After the Senate’s recommendation for repeal-and-replace of the Affordable Care Act (ACA) failed due to lack of support, Majority Leader Mitch McConnell is now suggesting a repeal-and-delay strategy that, if passed, is predicted will leave 32 million individuals without health coverage by 2026, and 17 million without coverage by next year. That’s 1 million more than were predicted to be without coverage under the initial repeal-and-replace tactic.
In anticipation of this new recommendation, President Donald Trump has urged Senators to delay their August recess further in order to send him a bill.
Several Republicans Senators have already spoken out against repeal-and-delay, stating that they will not vote for the bill, including Senator Susan Collins of Maine (who voted against the same bill in 2015), Lisa Murkowski of Alaska and Shelley Moore Capito of West Virginia. Their concerns regarding the bill lie in an unsure future for healthcare coverage, with no guarantee for what the delayed replacement will mean for the individual market.
The repeal-and-delay bill would, however, cut less out of Medicaid than the initial repeal-and-replace bill. The new bill would still end the enhanced match for Medicaid expansion but it would not change funds available for the children, disabled adults, parents of young children and elderly people covered under the program.

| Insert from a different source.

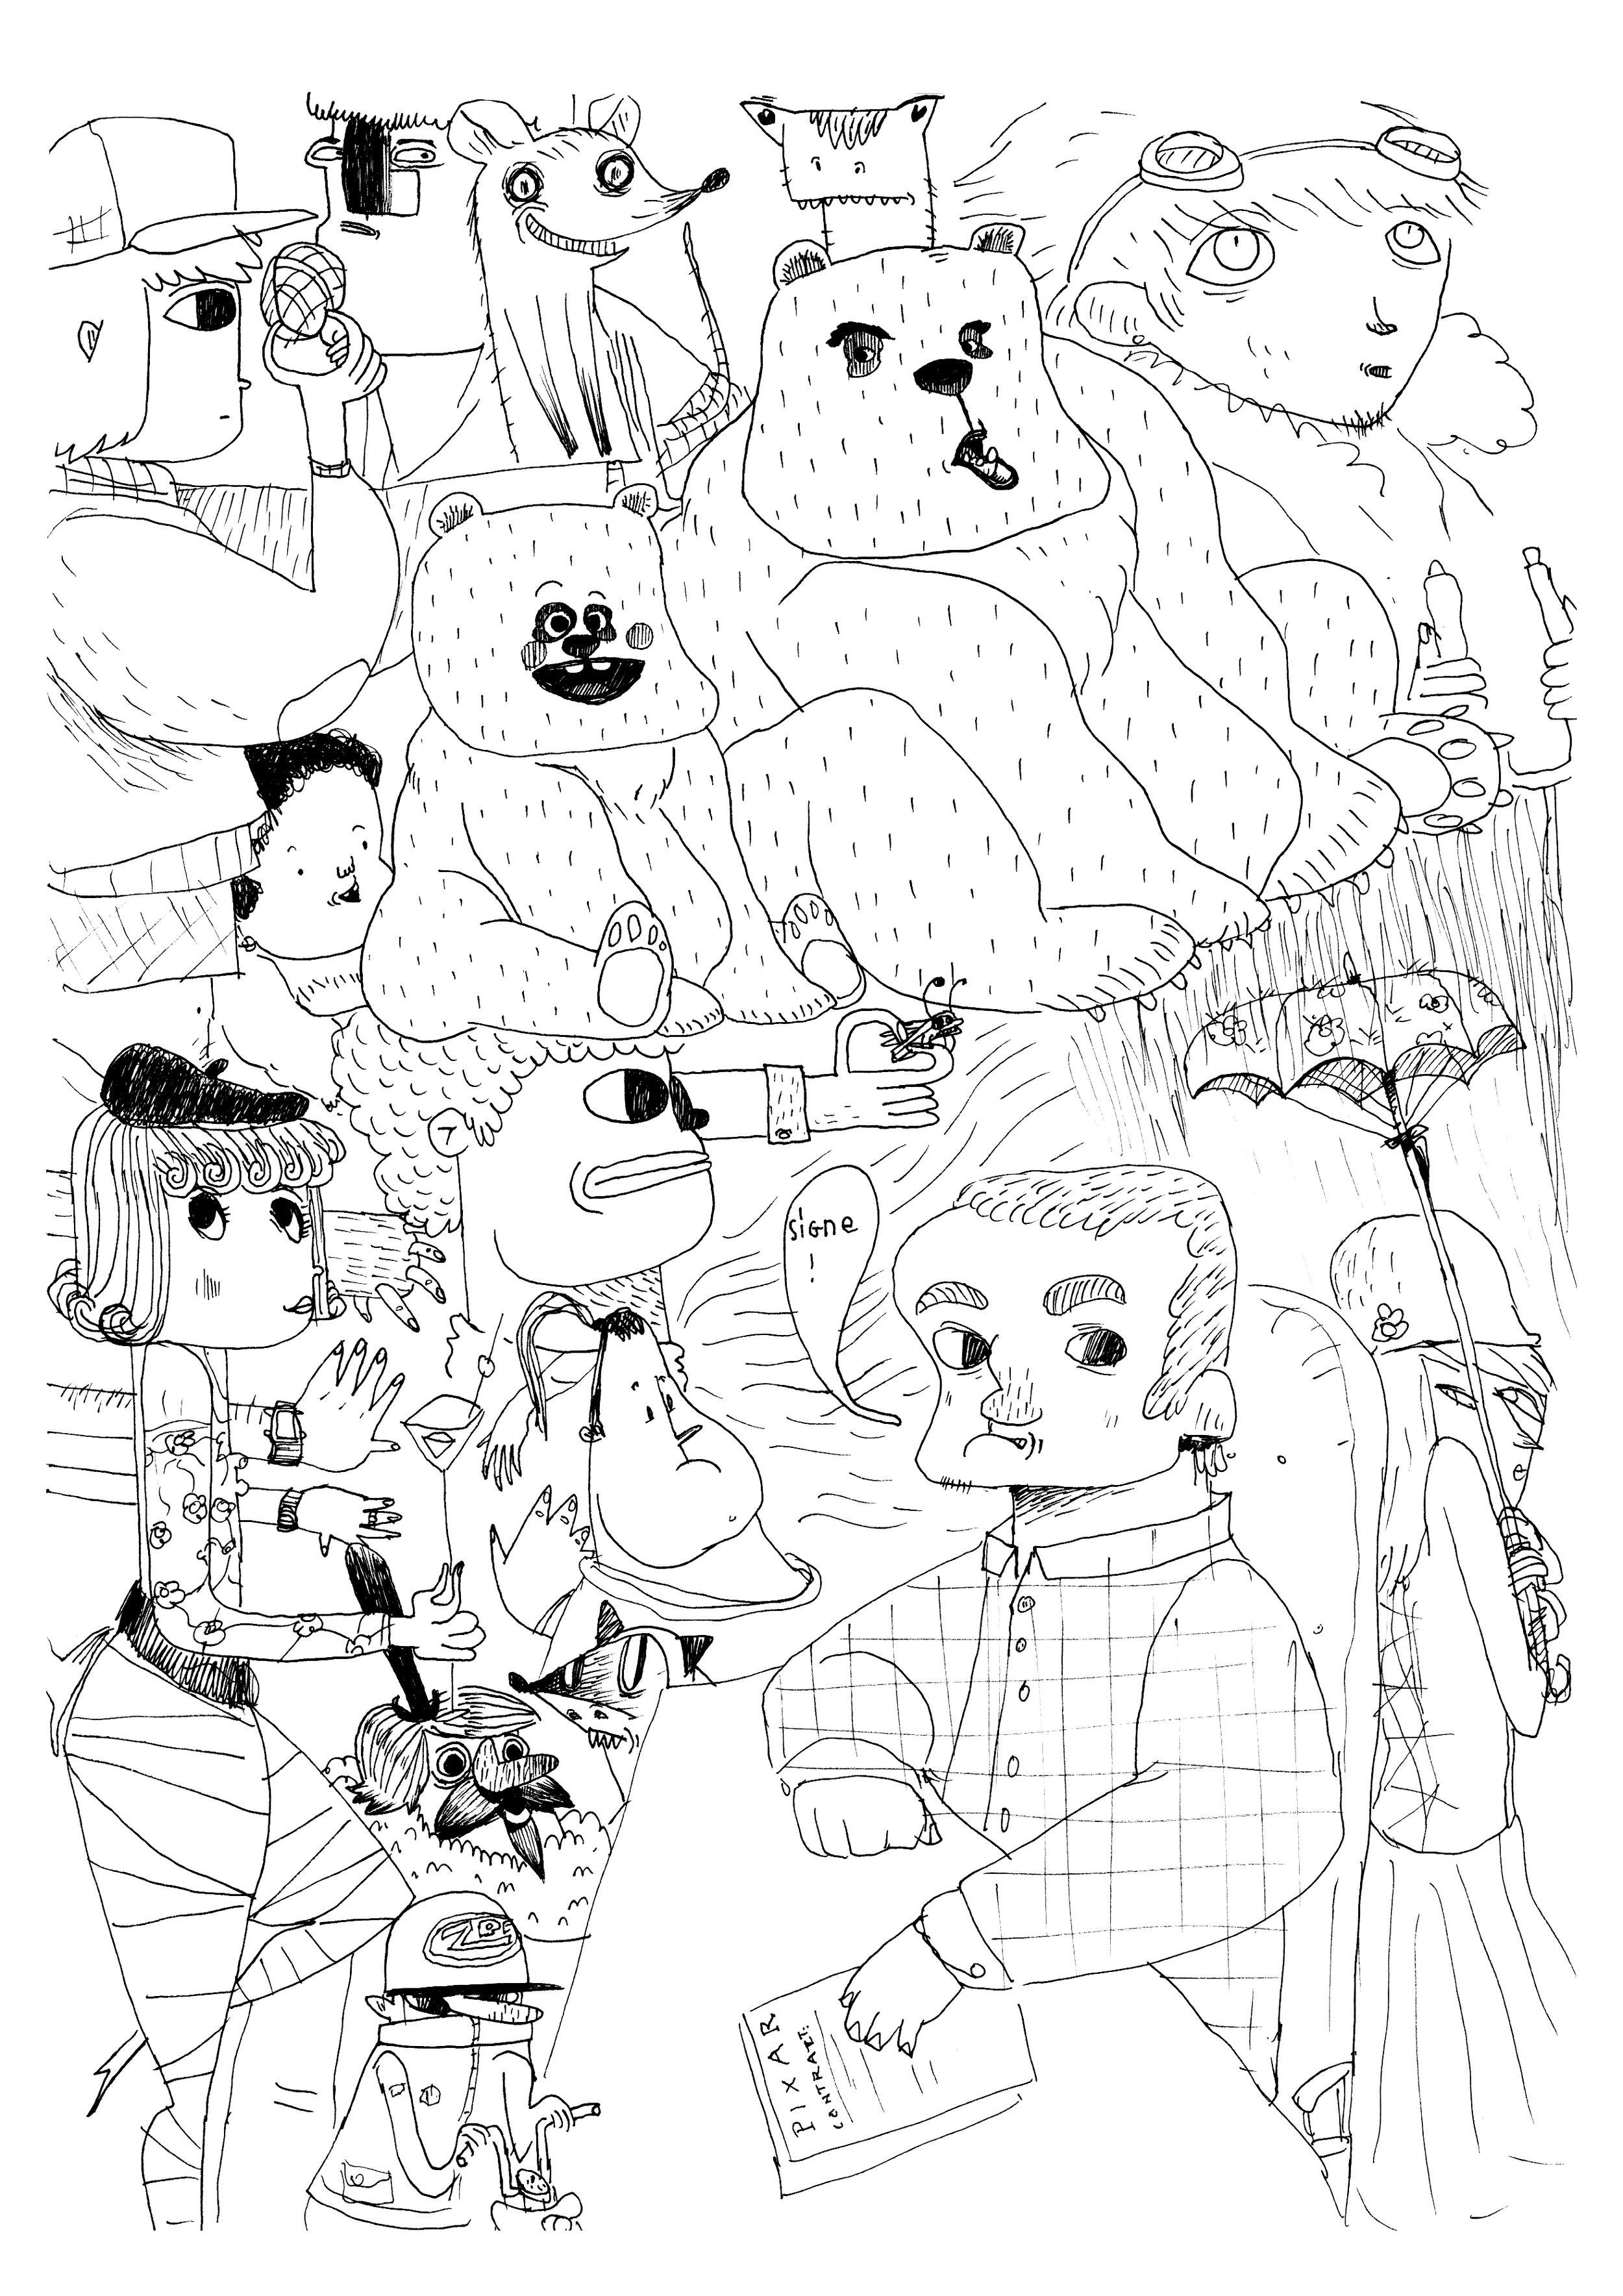 Pascal_Zaffiro_Doodle_20.jpg

If no replacement for ACA is determined, the Congressional Budget Office estimates that premiums will increase by 50% by 2020, and double by 2026.
If the new bill is passed, it’s predicted that:
- About 10 million fewer people will be in the individual markets by next year due to lack of wanting to buy insurance and no mandate to require them to
- By next year, 10% of the population will live in counties without an insurer willing to sell individual policies
- Individual plans will not be available to half of the U.S. population by 2020
- 75% of the U.S. population won’t be able to find a willing seller by 2026, because premiums will be so costly as to be unprofitable, especially with no help to pay premiums. In this scenario, only the sickest individuals would find it beneficial to purchase a policy.
- Hospitals will receive $21 billion back over a 10-year period through the disproportionate share program
- $1.5 billion will be used in the next two fiscal years to fund state grants for substance abuse and mental health needs
- In the current fiscal year, $422 million will be added to the federally qualified health care spending budget
The repeal-and-delay bill designates two years for Senators to determine a replacement.